Perplexity Games: Maoism vs. Literature through the Lens of Cognitive Stylometry

daron · June 11, 2024, 5:22am

Speaker: Maciej Kurzynski @daron

Affiliation: The Advanced Institute for Global Chinese Studies, Lingnan University

Title: Perplexity Games: Maoism vs. Literature through the Lens of Cognitive Stylometry.

Abstract (long version below): This paper explores the impact of linguistic engineering on language predictability and cognitive processing within the framework of modern Chinese literature and culture. By employing computational stylometry, information theory, and large language models, the study quantifies the stylistic features of Maospeak such as perplexity, entropy, and TF-IDF, comparing its predictability and vocabulary with other literary styles (Mo Yan and Chang Eileen, among others). The findings suggest that Maospeak, characterized by its engineered simplicity and repetitiveness, limits the variability and creativity in language use by reinforcing phrases with limited scope of possible sequence continuations. The results of the stylometric experiments are then explained from the perspective of predictive processing and the computational theory of ideology, positing that ideologies function similarly to error-minimization (likelihood-maximization) text generation techniques.

Long abstract

The article delves into the computational analysis of “Maospeak,” a language style used during Mao Zedong’s era, to understand its impact on language predictability and cognitive processing. It leverages information theory and stylometric methods to compare the stylistic features of Maospeak against contemporary Chinese literature, the works of Eileen Chang, and the writings of Mo Yan, focusing on aspects such as perplexity, vocabulary, and entropy.

Key findings include that Maospeak exhibits lower perplexity across various Chinese GPT and BERT models as compared to other literary styles, indicating higher predictability and a narrower range of vocabulary. This is attributed to its use of repetitive, redundant phrases and a limited set of politically charged vocabulary, aligning closely with Maoist ideological goals. Through the lens of cognitive science, the paper then suggests that such engineered language styles not only reflect political ideologies but also influence cognitive processes by limiting the range of possible sequence continuations, thereby shaping the way individuals think and perceive the world. In particular, Kitto and Boschetti’s study on entropy minimization and Wheeler’s on error minimization further elucidate how ideologies, like Maospeak, function to constrain linguistic and cognitive variability, promoting a homogenized thought process that minimizes prediction errors in perception and cognition and promote social cohesion.
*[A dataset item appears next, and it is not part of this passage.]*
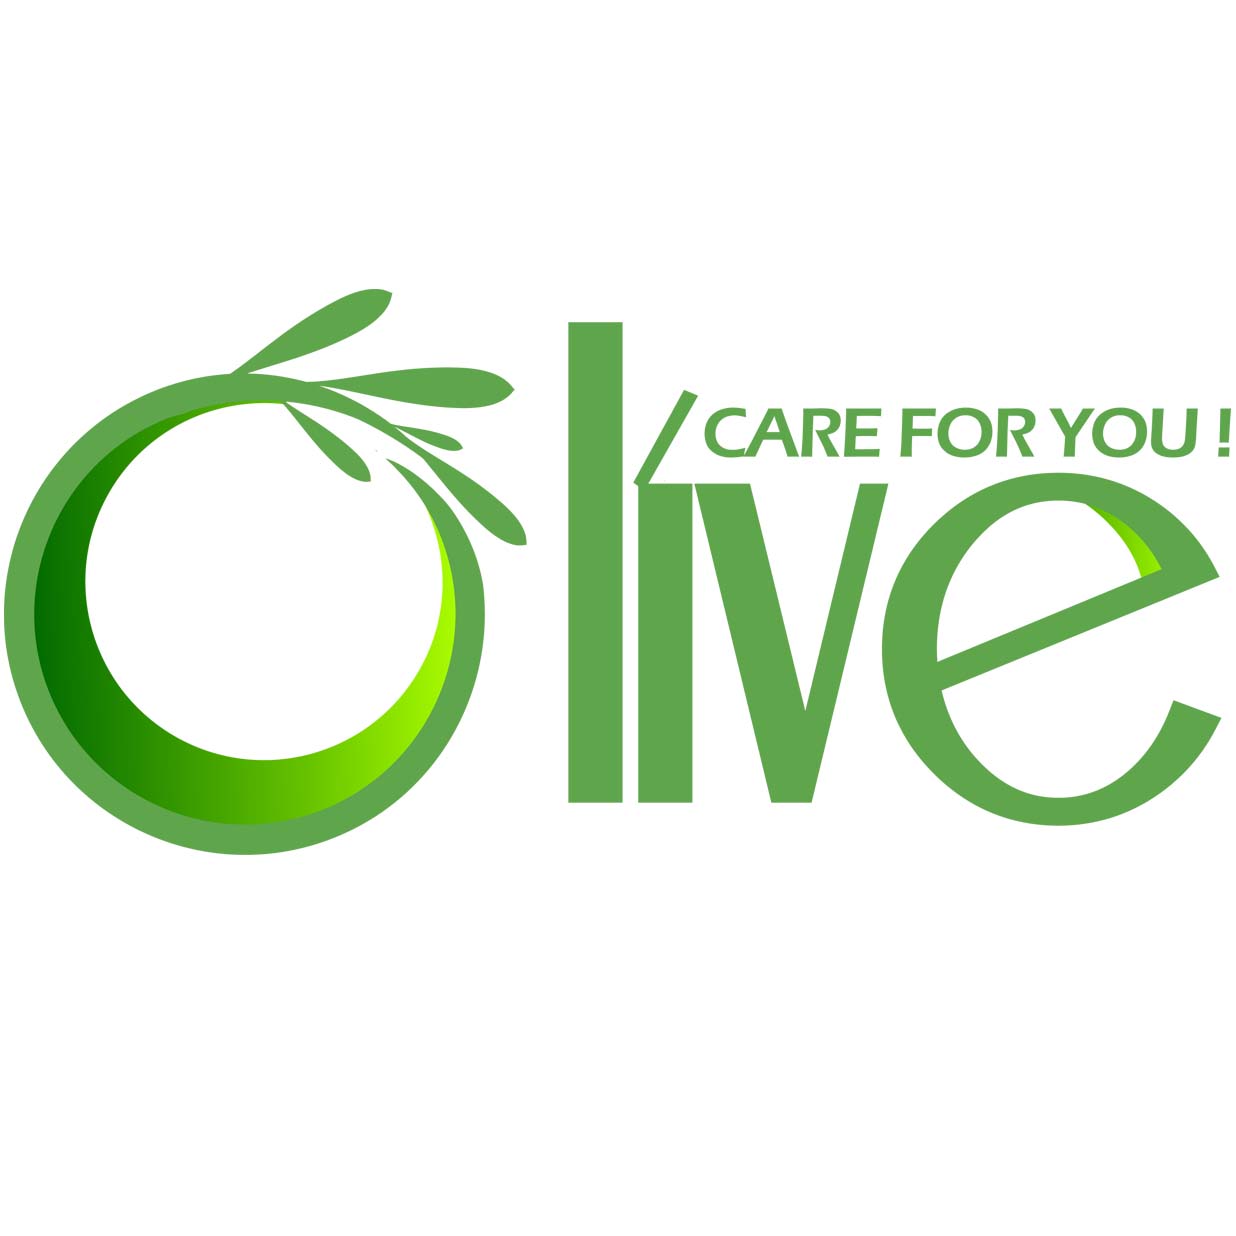 OLIVE, Care For You!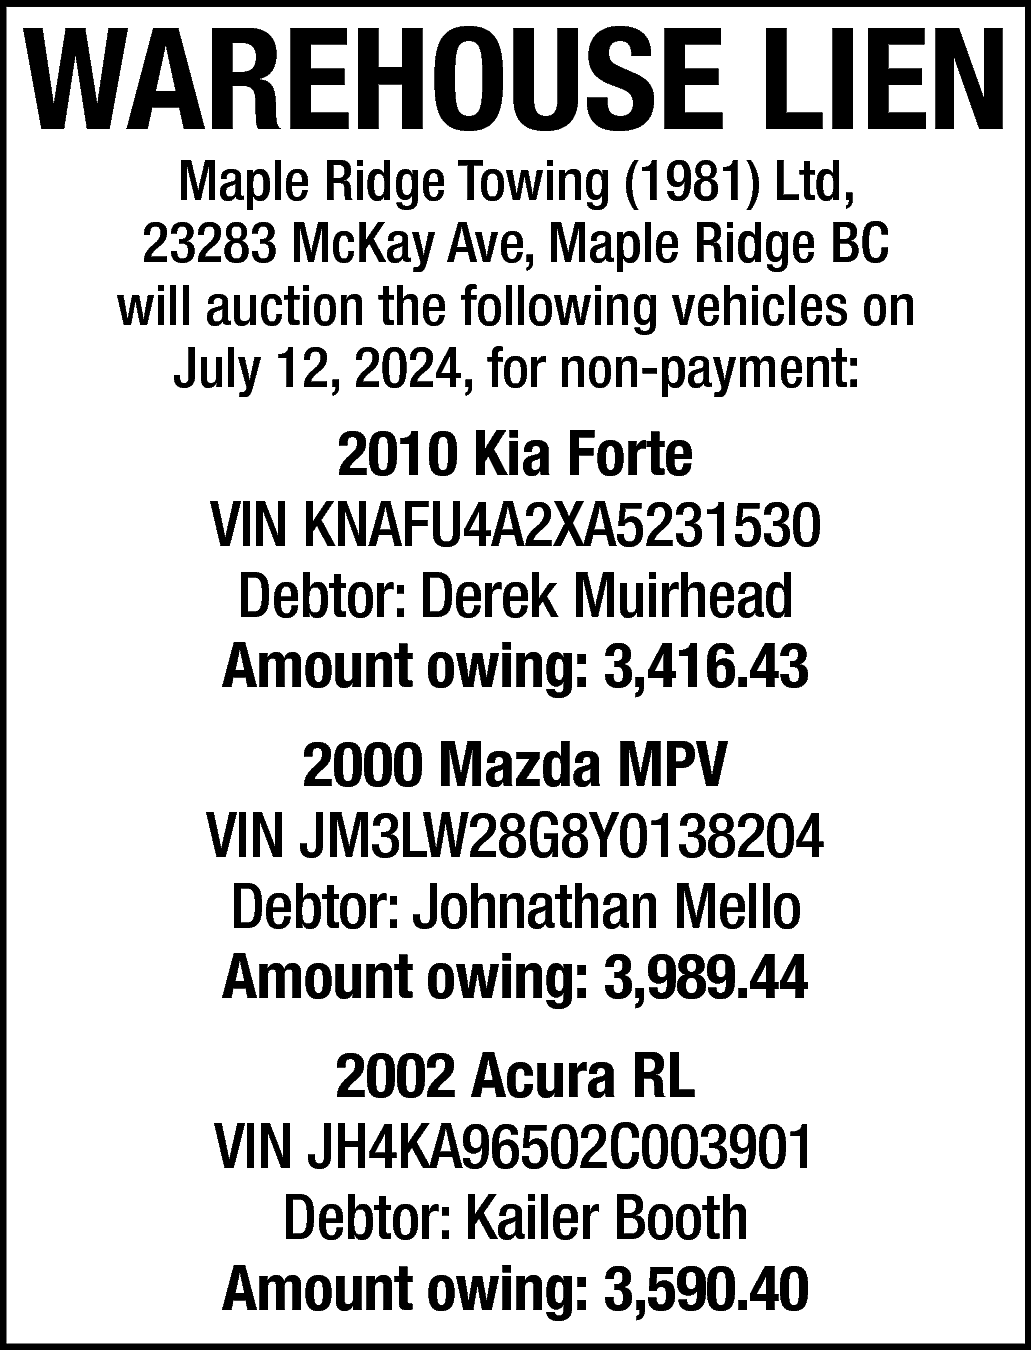 WAREHOUSE LIEN <br>Maple Ridge Towing  WAREHOUSE LIEN  Maple Ridge Towing (1981) Ltd,  23283 McKay Ave, Maple Ridge BC  will auction the following vehicles on  July 12, 2024, for non-payment:    2010 Kia Forte  VIN KNAFU4A2XA5231530  Debtor: Derek Muirhead  Amount owing: 3,416.43  2000 Mazda MPV  VIN JM3LW28G8Y0138204  Debtor: Johnathan Mello  Amount owing: 3,989.44  2002 Acura RL  VIN JH4KA96502C003901  Debtor: Kailer Booth  Amount owing: 3,590.40    

The research also explores the cognitive implications of language predictability, drawing upon the theory of predictive processing in cognitive science. It suggests that human cognition is inclined towards reducing sensory and cognitive discrepancies, and predictable language styles like Maospeak facilitate this process by simplifying cognitive load, making them effective tools for ideological reinforcement. However, this also leads to a form of cognitive closure, where the language’s predictability limits the individual’s exposure to diverse linguistic structures and ideas, potentially stifling creativity and critical thinking. This process bears similarity to “over-fitting” in machine learning, whereby the model loses the ability to generalize beyond the training data.

Further, the article examines the role of literature and the arts in counteracting the cognitive constraints imposed by politically engineered languages. It posits that exposure to a wide range of literary styles can increase cognitive flexibility, allowing individuals to navigate and understand more complex and unpredictable linguistic environments. This, in turn, could counterbalance the effects of ideological language, promoting a more open and critical engagement with language and ideas. If the Bayesian model is valid for both artificial and natural intelligence, then reading widely and increasing one’s exposure to various language data counters the influences of ideologies on our linguistically mediated perceptions of the world and increases the perplexity of our imaginations. While the benevolent influence of literature is by no means guaranteed, with various “authoritarian” or “foundational” fictions and romans à clef actually aiming to reduce entropy, on the whole literary texts have the perplexing quality of introducing opaque personalities which cannot be fully explained within the local cognitive frame of the reader and thus pose a challenge to predictive processing. Encounters with characters that resist straightforward interpretations might improve mind-reading skills, provoke reflective changes, and lead to greater misalignment between the global (ideological) and local (individual) cognitive frames.

In conclusion, the paper argues that the computational analysis of language styles like Maospeak offers valuable insights into the relationship between language, ideology, and cognition. By demonstrating how political language can influence predictability and cognitive processing, the study contributes to a broader understanding of the power of language in shaping political discourse and individual thought processes. The findings underscore the importance of linguistic diversity and exposure to a wide range of literary styles as means of fostering cognitive flexibility and resisting ideological conformity.